- _TASK DETAILS_
Please reproduce verbatim the lines below, from the first through the one with "Frau lernt Online-Workout-Übungsklasse".
━━━━━━━━━━━━━━━━
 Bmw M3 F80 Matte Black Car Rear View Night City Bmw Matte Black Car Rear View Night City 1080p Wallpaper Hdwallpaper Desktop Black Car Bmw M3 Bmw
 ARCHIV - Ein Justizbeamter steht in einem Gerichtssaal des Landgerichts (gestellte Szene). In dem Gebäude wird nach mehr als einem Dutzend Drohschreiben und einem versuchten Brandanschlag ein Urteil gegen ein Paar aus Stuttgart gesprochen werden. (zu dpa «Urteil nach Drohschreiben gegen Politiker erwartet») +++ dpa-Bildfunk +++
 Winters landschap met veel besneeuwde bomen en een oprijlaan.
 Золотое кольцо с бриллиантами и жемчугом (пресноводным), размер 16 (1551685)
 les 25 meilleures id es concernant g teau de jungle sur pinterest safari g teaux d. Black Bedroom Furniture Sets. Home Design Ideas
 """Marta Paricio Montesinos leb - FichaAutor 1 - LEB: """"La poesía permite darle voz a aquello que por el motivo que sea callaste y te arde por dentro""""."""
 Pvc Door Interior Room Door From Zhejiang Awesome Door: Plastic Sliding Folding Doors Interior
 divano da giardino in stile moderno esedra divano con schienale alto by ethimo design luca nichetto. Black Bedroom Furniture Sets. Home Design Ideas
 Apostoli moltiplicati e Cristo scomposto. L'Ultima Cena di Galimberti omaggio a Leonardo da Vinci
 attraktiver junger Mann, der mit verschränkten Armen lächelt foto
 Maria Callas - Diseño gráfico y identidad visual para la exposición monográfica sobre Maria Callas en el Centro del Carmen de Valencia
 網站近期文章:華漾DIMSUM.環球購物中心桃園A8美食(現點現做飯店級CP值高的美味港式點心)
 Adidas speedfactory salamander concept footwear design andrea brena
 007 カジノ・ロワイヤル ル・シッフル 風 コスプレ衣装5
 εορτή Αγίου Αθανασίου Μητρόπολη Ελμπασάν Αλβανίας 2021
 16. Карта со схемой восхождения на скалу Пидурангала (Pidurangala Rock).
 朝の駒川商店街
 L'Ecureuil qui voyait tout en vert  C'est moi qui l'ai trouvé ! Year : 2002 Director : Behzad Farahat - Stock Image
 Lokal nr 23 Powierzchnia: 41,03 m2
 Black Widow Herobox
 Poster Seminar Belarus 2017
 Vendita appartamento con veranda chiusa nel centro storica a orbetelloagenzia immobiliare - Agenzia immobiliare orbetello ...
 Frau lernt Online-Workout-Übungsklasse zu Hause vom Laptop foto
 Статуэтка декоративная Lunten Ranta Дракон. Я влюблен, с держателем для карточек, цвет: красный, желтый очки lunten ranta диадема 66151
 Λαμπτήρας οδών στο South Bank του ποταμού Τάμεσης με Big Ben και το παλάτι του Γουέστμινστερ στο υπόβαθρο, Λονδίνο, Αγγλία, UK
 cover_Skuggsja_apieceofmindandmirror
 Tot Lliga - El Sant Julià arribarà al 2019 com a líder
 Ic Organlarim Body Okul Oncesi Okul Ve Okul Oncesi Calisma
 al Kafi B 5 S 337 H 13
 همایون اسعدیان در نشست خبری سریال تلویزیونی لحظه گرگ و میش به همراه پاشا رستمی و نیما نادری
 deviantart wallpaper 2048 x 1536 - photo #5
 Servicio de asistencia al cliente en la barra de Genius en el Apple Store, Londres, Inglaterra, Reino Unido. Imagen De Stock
━━━━━━━━━━━━━━━━
- _WRITTEN RESPONSE_
 Bmw M3 F80 Matte Black Car Rear View Night City Bmw Matte Black Car Rear View Night City 1080p Wallpaper Hdwallpaper Desktop Black Car Bmw M3 Bmw
 ARCHIV - Ein Justizbeamter steht in einem Gerichtssaal des Landgerichts (gestellte Szene). In dem Gebäude wird nach mehr als einem Dutzend Drohschreiben und einem versuchten Brandanschlag ein Urteil gegen ein Paar aus Stuttgart gesprochen werden. (zu dpa «Urteil nach Drohschreiben gegen Politiker erwartet») +++ dpa-Bildfunk +++
 Winters landschap met veel besneeuwde bomen en een oprijlaan.
 Золотое кольцо с бриллиантами и жемчугом (пресноводным), размер 16 (1551685)
 les 25 meilleures id es concernant g teau de jungle sur pinterest safari g teaux d. Black Bedroom Furniture Sets. Home Design Ideas
 """Marta Paricio Montesinos leb - FichaAutor 1 - LEB: """"La poesía permite darle voz a aquello que por el motivo que sea callaste y te arde por dentro""""."""
 Pvc Door Interior Room Door From Zhejiang Awesome Door: Plastic Sliding Folding Doors Interior
 divano da giardino in stile moderno esedra divano con schienale alto by ethimo design luca nichetto. Black Bedroom Furniture Sets. Home Design Ideas
 Apostoli moltiplicati e Cristo scomposto. L'Ultima Cena di Galimberti omaggio a Leonardo da Vinci
 attraktiver junger Mann, der mit verschränkten Armen lächelt foto
 Maria Callas - Diseño gráfico y identidad visual para la exposición monográfica sobre Maria Callas en el Centro del Carmen de Valencia
 網站近期文章:華漾DIMSUM.環球購物中心桃園A8美食(現點現做飯店級CP值高的美味港式點心)
 Adidas speedfactory salamander concept footwear design andrea brena
 007 カジノ・ロワイヤル ル・シッフル 風 コスプレ衣装5
 εορτή Αγίου Αθανασίου Μητρόπολη Ελμπασάν Αλβανίας 2021
 16. Карта со схемой восхождения на скалу Пидурангала (Pidurangala Rock).
 朝の駒川商店街
 L'Ecureuil qui voyait tout en vert  C'est moi qui l'ai trouvé ! Year : 2002 Director : Behzad Farahat - Stock Image
 Lokal nr 23 Powierzchnia: 41,03 m2
 Black Widow Herobox
 Poster Seminar Belarus 2017
 Vendita appartamento con veranda chiusa nel centro storica a orbetelloagenzia immobiliare - Agenzia immobiliare orbetello ...
 Frau lernt Online-Workout-Übungsklasse zu Hause vom Laptop foto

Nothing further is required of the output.